Retrieval Optimization
Basic vector similarity search works for simple cases. For production systems, consider:
- Hybrid search — combine vector similarity with keyword matching (BM25) for better recall
- Metadata filtering — narrow the search space by document type, date, or category before vector search
- Re-ranking — retrieve more candidates than needed, then use a cross-encoder to re-rank by relevance
- Query expansion — generate multiple phrasings of the user's query to improve recall
Response Generation
When generating the response, several prompt engineering techniques improve quality:
- Instruction clarity — explicitly tell the model to answer only from provided context
- Source attribution — ask the model to cite which document chunks it used
- Confidence signaling — instruct the model to say "I don't have information about this" rather than guessing
- Format specification — define the expected response format (length, structure, tone)
Common RAG Pitfalls
Poor Chunking
The most impactful variable is often the least considered. Tables, code blocks, and structured data need special handling — naively splitting them mid-row or mid-function produces garbage chunks.
Ignoring Metadata
Vector similarity is powerful but not always sufficient. If a user asks "What changed in version 3.2?", vector search might return chunks from version 2.8 that discuss similar concepts. Metadata filtering (version = 3.2) solves this instantly.
No Evaluation Pipeline
How do you know if your RAG system is actually returning good answers? Build an evaluation pipeline with:
- A set of test questions with known correct answers
- Automated scoring (retrieval recall, answer accuracy, faithfulness)

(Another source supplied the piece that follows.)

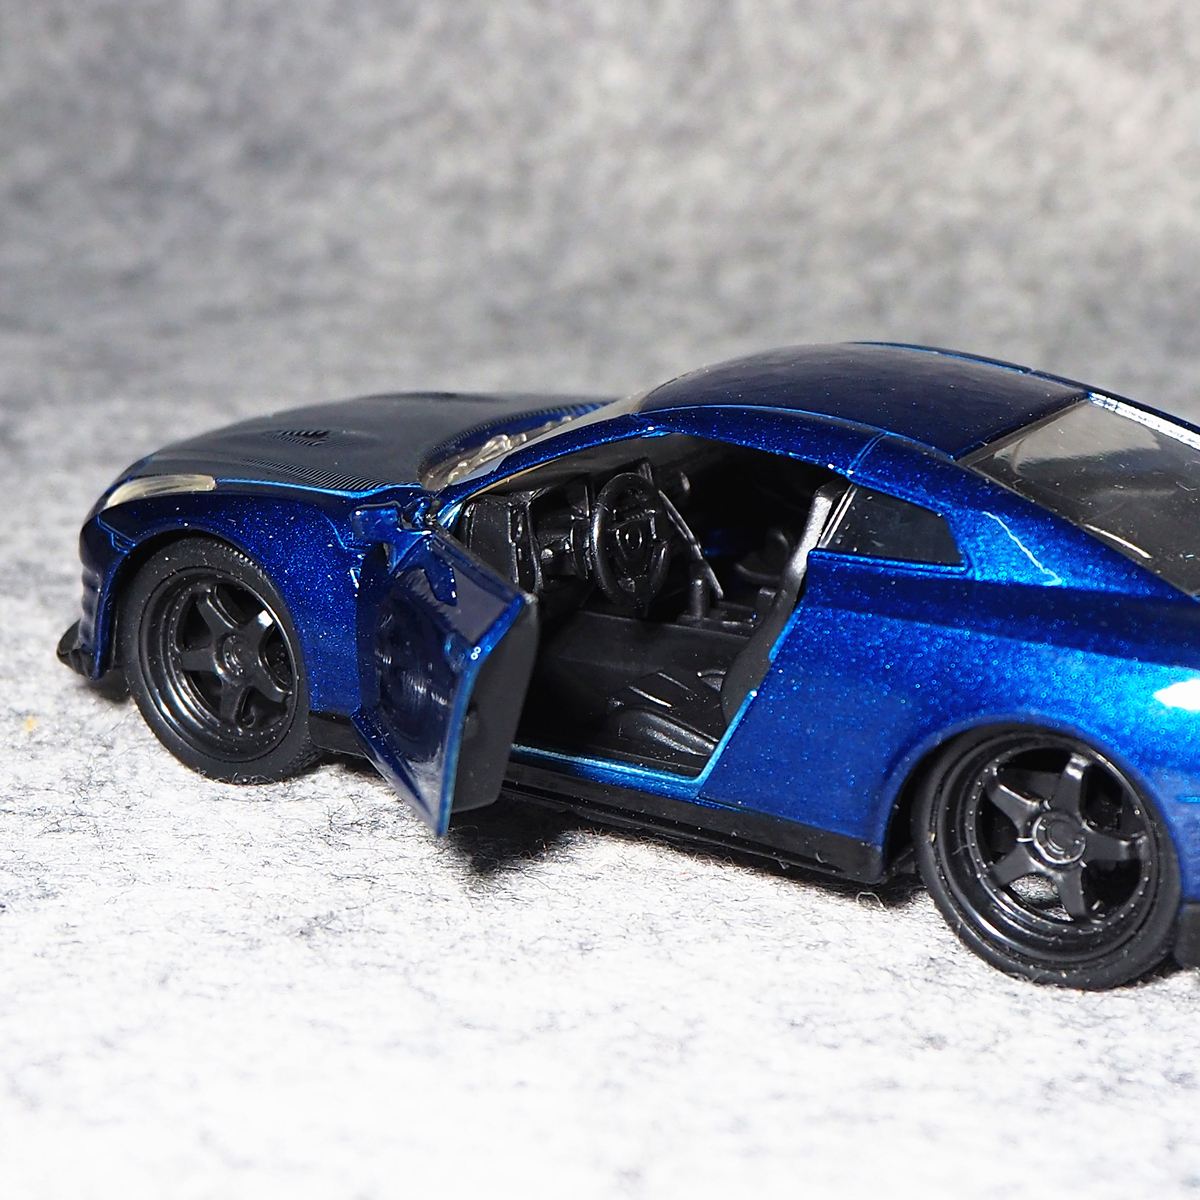 Fast Juguete Modelo 132 Para Escala Juguetes Jada Nissan Coche Gtr Furious De Metal RegaloNiñosColección Diecast LzVMqSGUjp

- Regular evaluation runs after any system changes
Without systematic evaluation, you are flying blind.
Stale Data
If your documents change frequently (product updates, policy changes, pricing adjustments), your index must be updated accordingly. Build automated re-indexing pipelines that trigger when source documents change.
When NOT to Use RAG
RAG is not always the right answer:
- Real-time data — if the answer requires live data (current stock price, order status), use API calls instead of pre-indexed documents
- Simple lookups — if the answer is always a direct database query (account balance, tracking number), RAG adds unnecessary complexity
- Creative tasks — writing, brainstorming, and code generation rarely benefit from RAG
- Behavioral changes — if you need the model to adopt a specific persona or communication style, fine-tuning is more appropriate
The RAG Maturity Curve
Organizations typically progress through three stages:
Stage 1: Basic RAG — Single document source, basic chunking, vanilla vector search. Gets you 70% of the way.
Stage 2: Optimized RAG — Multiple sources, smart chunking, hybrid search, re-ranking, metadata filtering. Gets you to 90%.
Stage 3: Agentic RAG — The retrieval system is wrapped in an AI agent that decides what to search for, evaluates the results, performs follow-up searches if needed, and synthesizes information from multiple retrievals. Gets you to 95%+.
Most businesses should start at Stage 1 and progress as needed. Stage 1 is often good enough for internal knowledge bases and FAQ-style support.